I kicked the stall door with all the strength I could muster, and it rattled, shook, and eventually opened. I heard gasps and screams and bolted from the stall and to the front of the store. Everyone stood there in total fear and shock. Joe was standing there, with his 9mm drawn on the manager, pointed straight between his eyes. The manager had his hands up above his head and was shivering in fear.
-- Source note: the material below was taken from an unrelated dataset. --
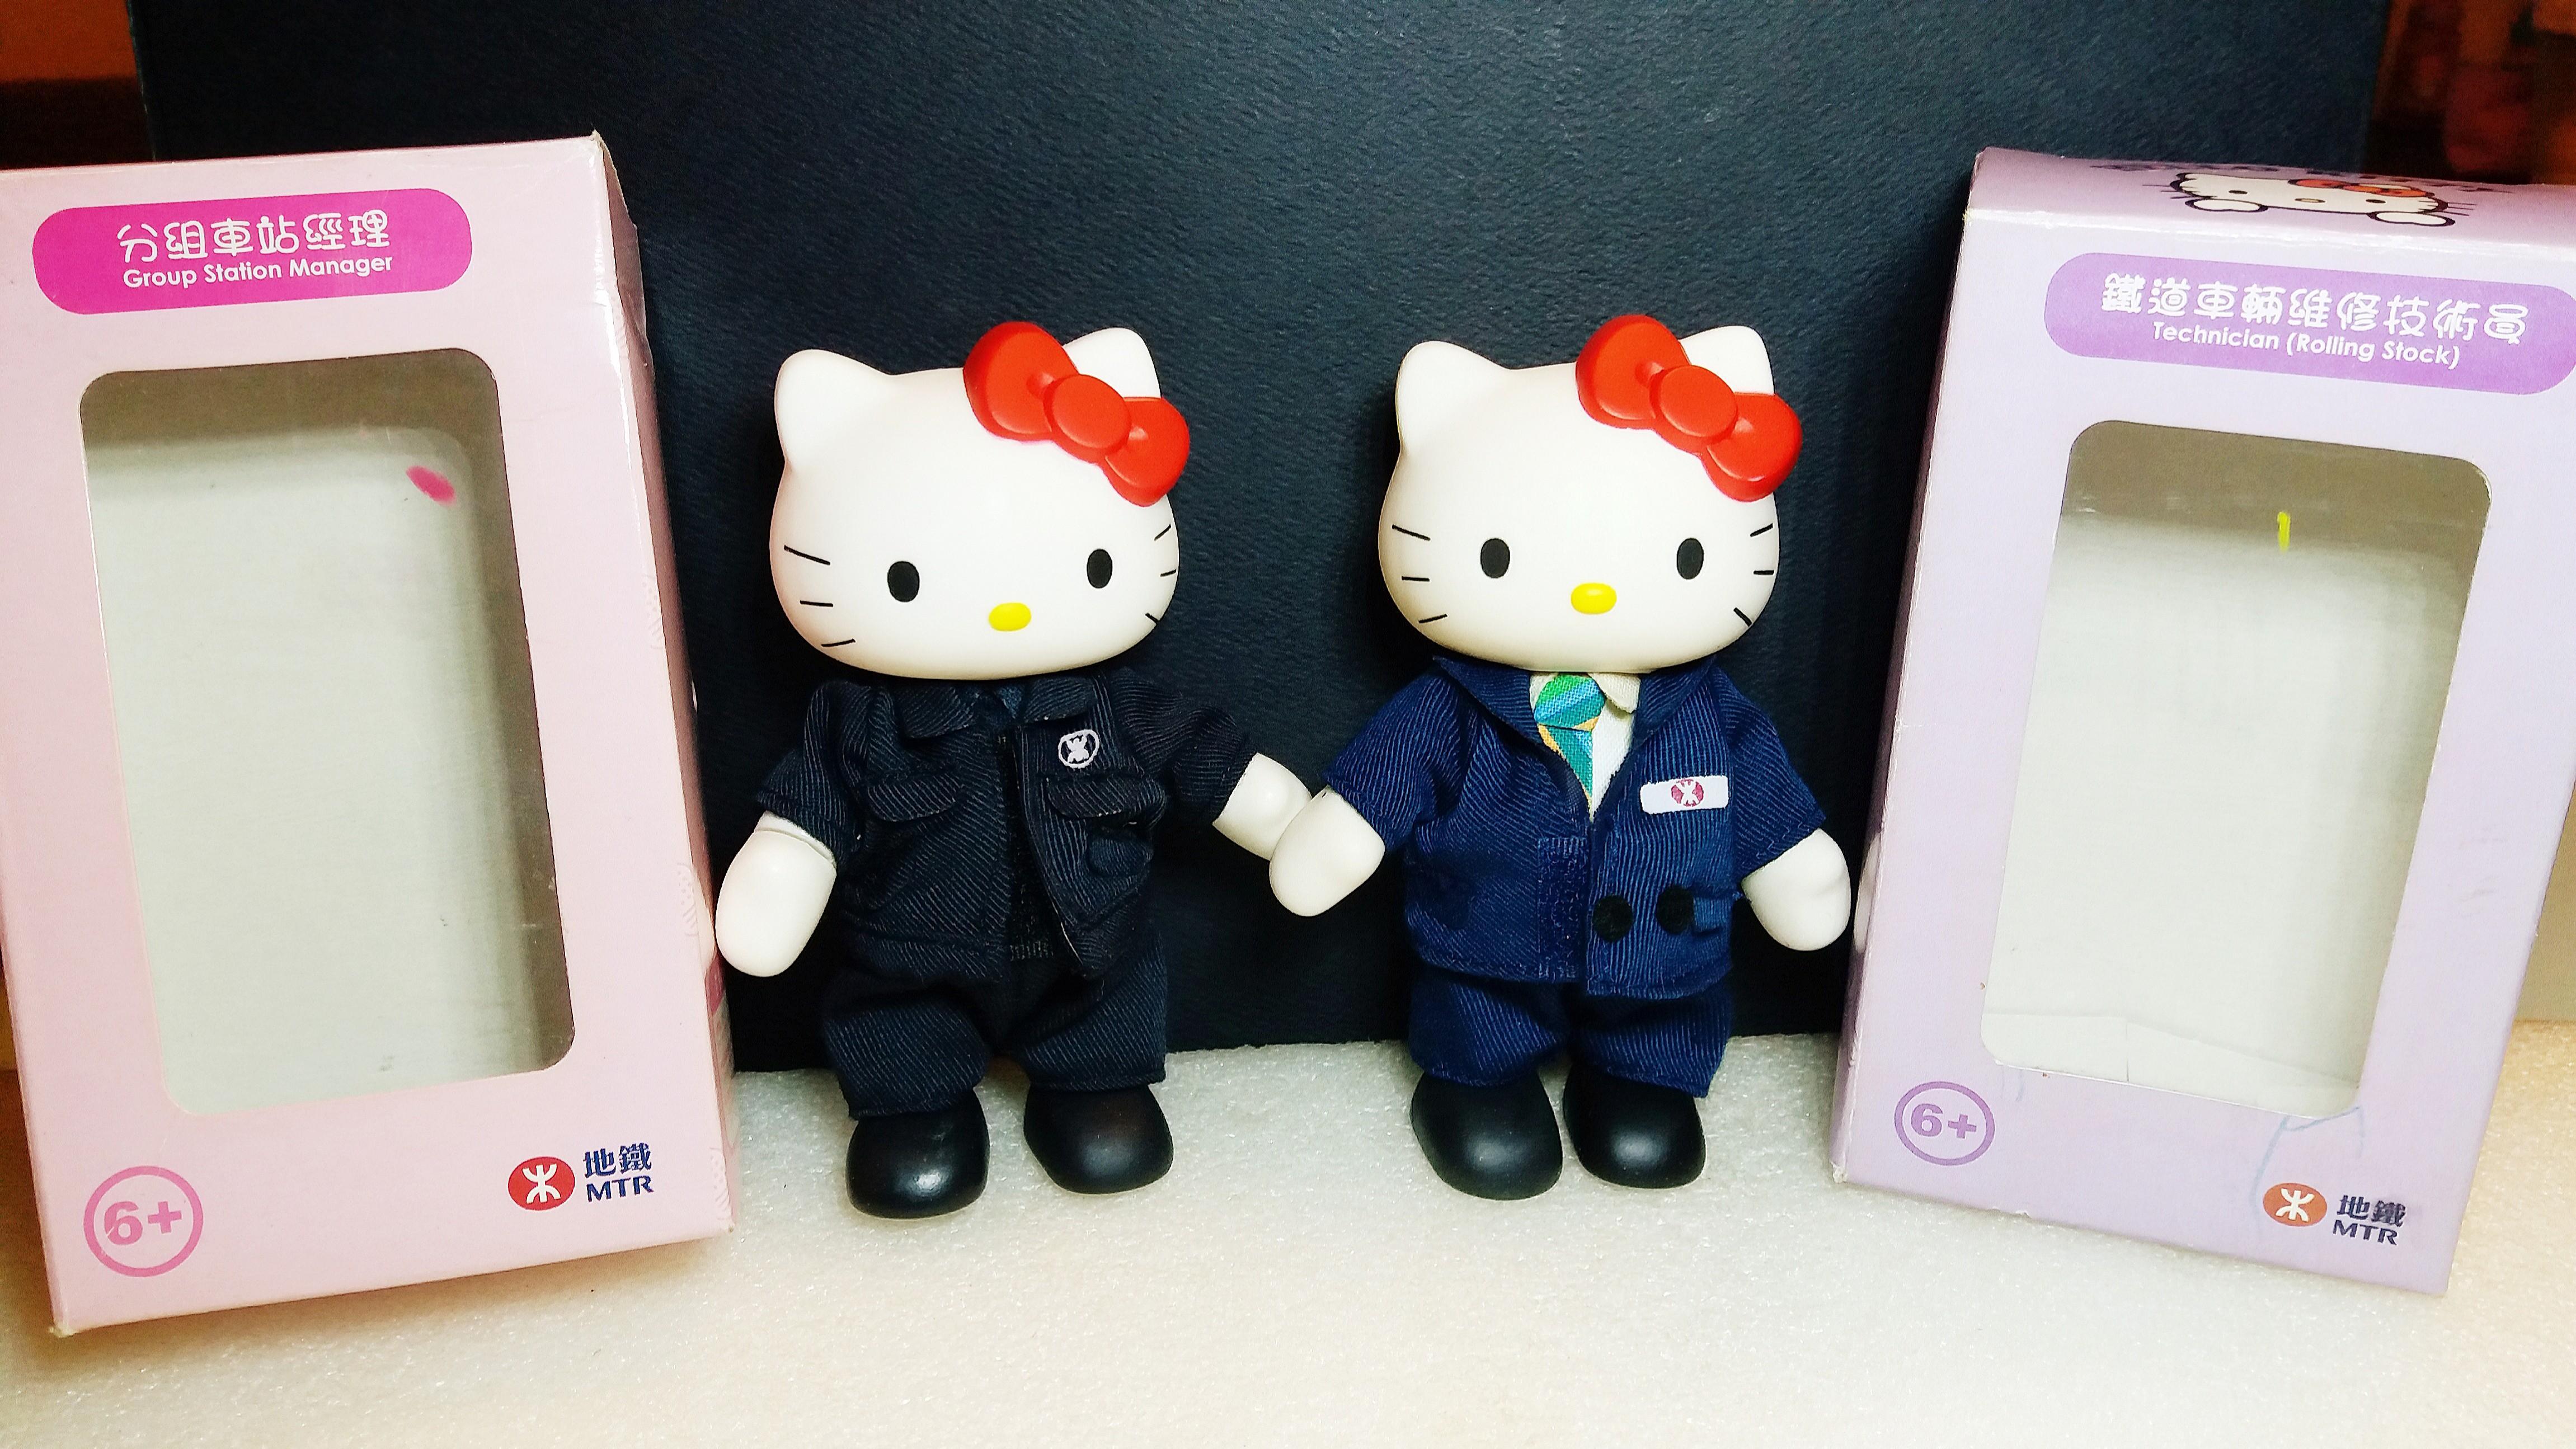 全新中古:Hello Kitty,MTR系列,超過12年,保存良好,全部$128,不散不議,有意pm。
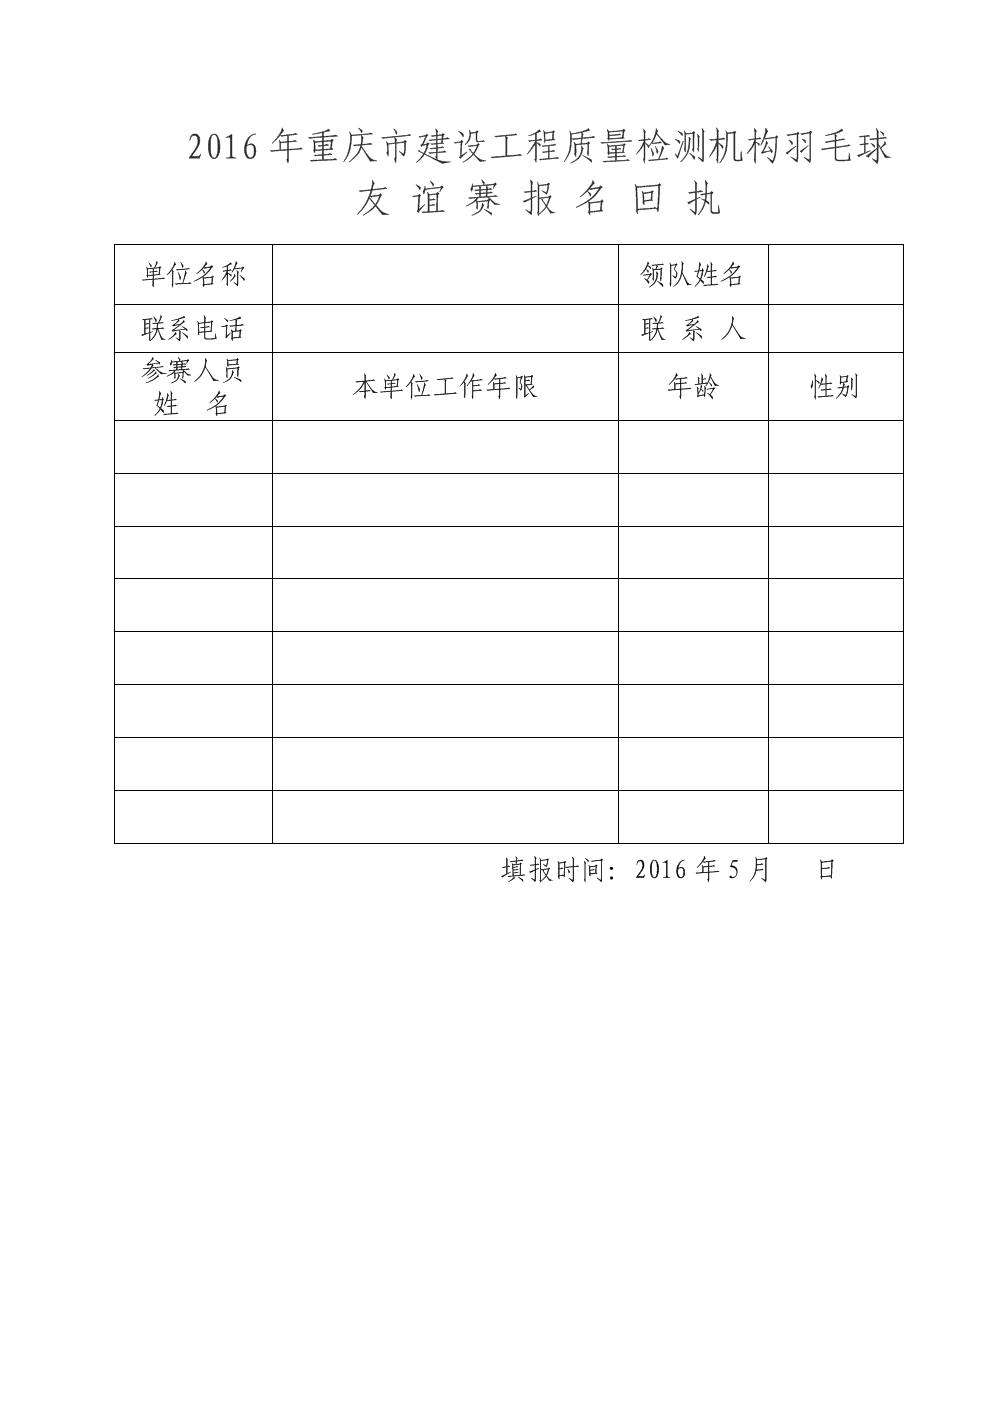 2016年重庆建设工程质量检测机构羽毛球.doc

“Joe,” he said, “you don’t have to do this. J-Just put the gun down and we will work this out.”

“There is nothing to work out!” Joe screamed. He was beginning to tear up. “You’ve fucked with me the last time.” I stood there in absolute awe; what could I do? I’m just a cashier. I pulled out my phone and dialed 911.

“911, what's your emergency?”

“I’m a cashier at the Kwik-E Mart. We have an employee who’s pulled a gun out on the manager.” Joe and the manager were yelling back and forth, when out of nowhere, Joe pistol-whipped him. He was laying on the ground, while Joe stood over him, with the gun against his temple.

“Police have been dispatched. They should be there in just a minute.”

“Okay,” I said, “what should I do?”

"Just give him his space. Don’t give him any reason to shoot."


Beads of sweat were running down my face, and the tension could be cut with a knife. For what felt like hours, I watched Joe yell and scream at the manager. He went on and on about how he treated him, and how "he was going to get his". Finally, the sirens could be heard from the outside of the store, and there was a strange sense of solace for a split second.

The police poured into the store and drew their guns, immediately pointing them at Joe.

“Leave me alone!” Joe yelled. He began to bang the gun against his temple. “Shut up, shut up, shut up!”

“Sir, calm down and drop your weapon,” one of the officers said. I had no idea what was going on and why he was screaming like this. “Sir, put the gun down, or we will open fire.” Joe’s screaming ceased and he began to laugh maniacally. It was a twisted, horrid laugh that didn’t even seem human.

The cackle continued for a few minutes, before he turned back to the manager that was bleeding out on the floor.

“Thank you, sir! Without you, I would have never managed this type of courage.” Joe then swung the gun around and pulled the trigger, sending a bullet straight into the manager’s skull. The blood began to pour out; all the bystanders gasped, and some even puked. I just stared, in awe, unable to muster any words. The maniacal laugh returned and rang out through the store.

“Fire at will!” one the officers yelled. I counted eight gunshots before Joe hit the ground, and even then, even after the gun was snatched from his hand and he laid on the ground bleeding out, he still laughed that horrid chuckle and managed to stay alive long enough for the ambulance to arrive.

I never found out if Joe lived through it all, but I did find out that he was a diagnosed schizophrenic, which explains his episode that day. That was three years ago, and I’ve gotten a new job since then. I’m happy to put all that behind but to this day. I swear, I can hear Joe calling out when I’m trying to sleep.

“Robert,” he calls, “you were there for me; now I’m here for you.”

Why is he here for me? I’m just a cashier.